Su esposa Heléne lo ha sobrevivido durante más de cuarenta años. Hay personas que encuentran fallas en esto y en particular disputan el hecho de que Heléne pudo haber permanecido en comunicación con su esposo todos esos años. Incluso si ella era prisionera de una ilusión, incluso si él le hablaba sólo dentro de ella y no desde fuera, esta sigue siendo una forma de supervivencia por la que tengo respeto y admiración. Yo mismo vi a Heléne treinta años después de la muerte de Berg, al final de una conferencia de Adorno en Viena. Una mujer decrépita salió de la habitación, menuda y encogida, tan ausente que tuve que animarme para hablar con ella. Ella no me reconoció, pero cuando le dije mi nombre me respondió: “¡Ah, señor Canetti.! Ha sido un largo tiempo. Alban siempre habla de ella.

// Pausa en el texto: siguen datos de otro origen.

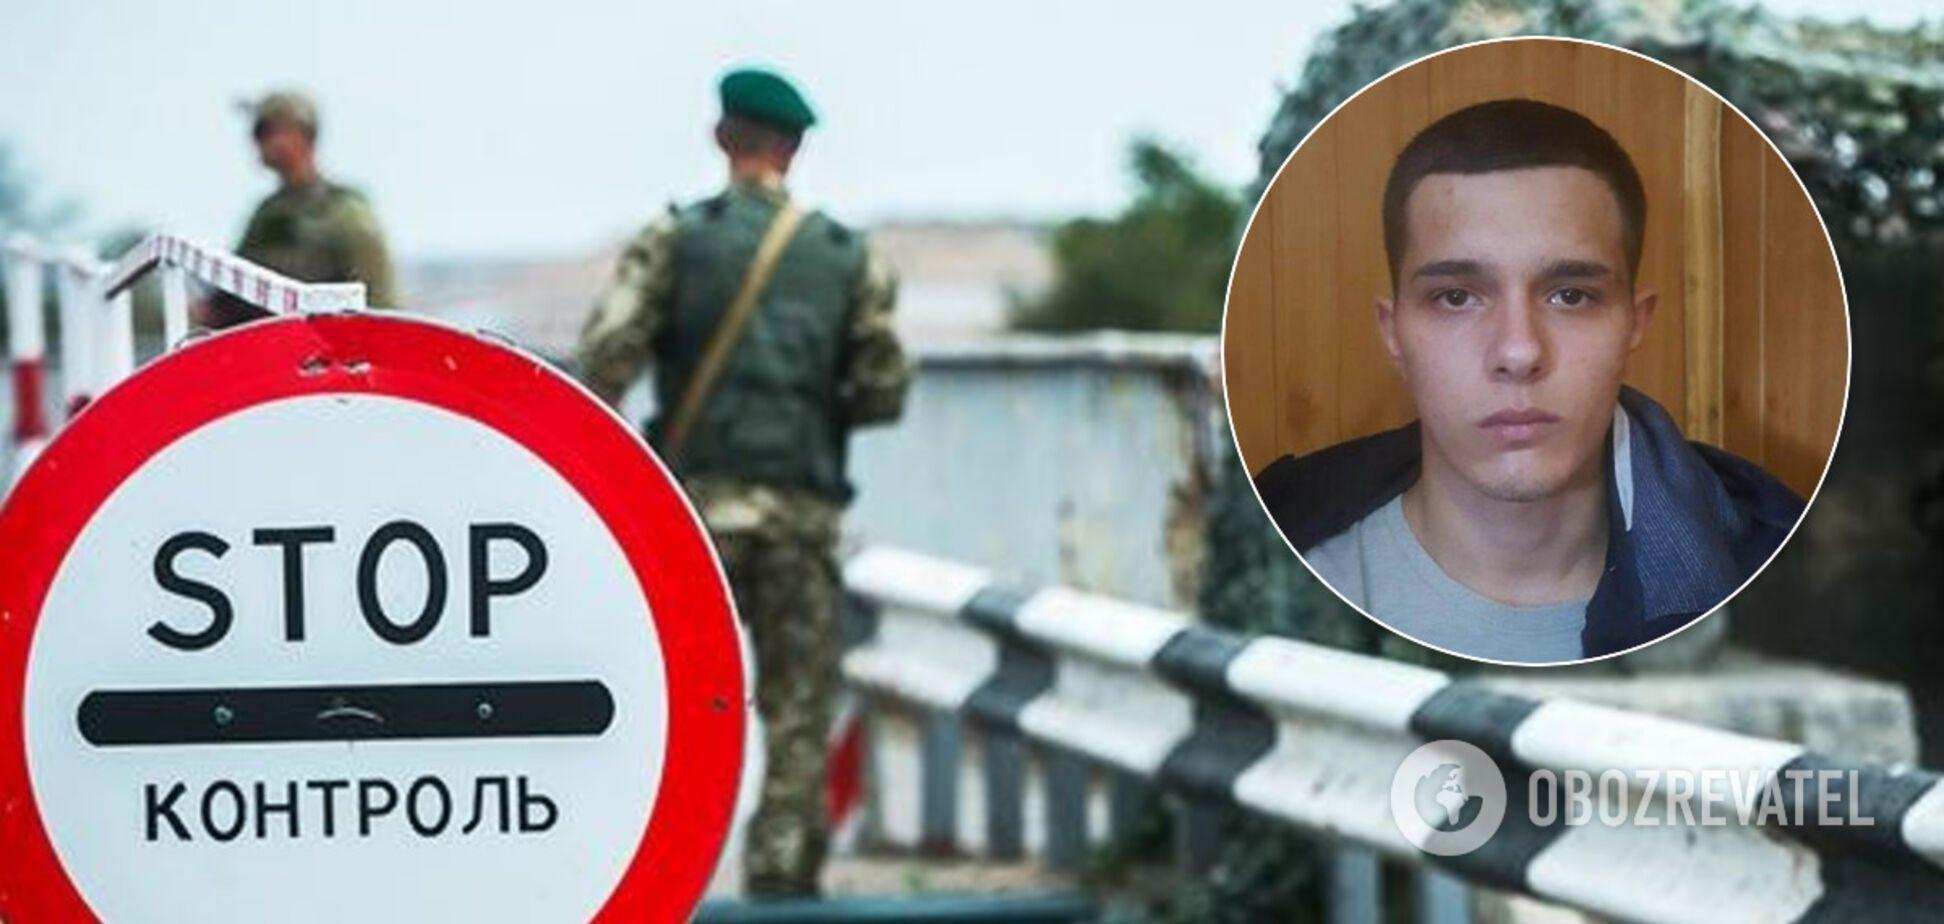 Террорист 'ДНР' сам пришел на украинский блокпост: стали известны детали задержания

Me sentí avergonzado y tan conmovido que me despedí inmediatamente. Dejé de visitarla, aunque realmente me hubiera gustado volver a la casa de Hietzing donde todavía vivía. No quise perturbar la intimidad del diálogo en el que ella siempre estaba absorta, todo lo que había pasado entre ellos seguía pasando como si fuera hoy. Cuando se trataba de las obras de su marido, ella le pedía consejo y él le daba la respuesta que imaginaba. ¿Alguien cree que otros conocían mejor los deseos de Berg? Se necesita mucho amor para darle vida a un difunto para que no vuelva a desaparecer, para escuchar su voz, hablar con él y conocer los deseos que siempre tendrá, desde que se le dio la vida.
Elias Canetti, El juego ocular , Milán, Adelphi, 1985, págs. 270-275c
Elías CANETTI, oriundo de Bulgaria, fue Premio Nobel de Literatura en 1981.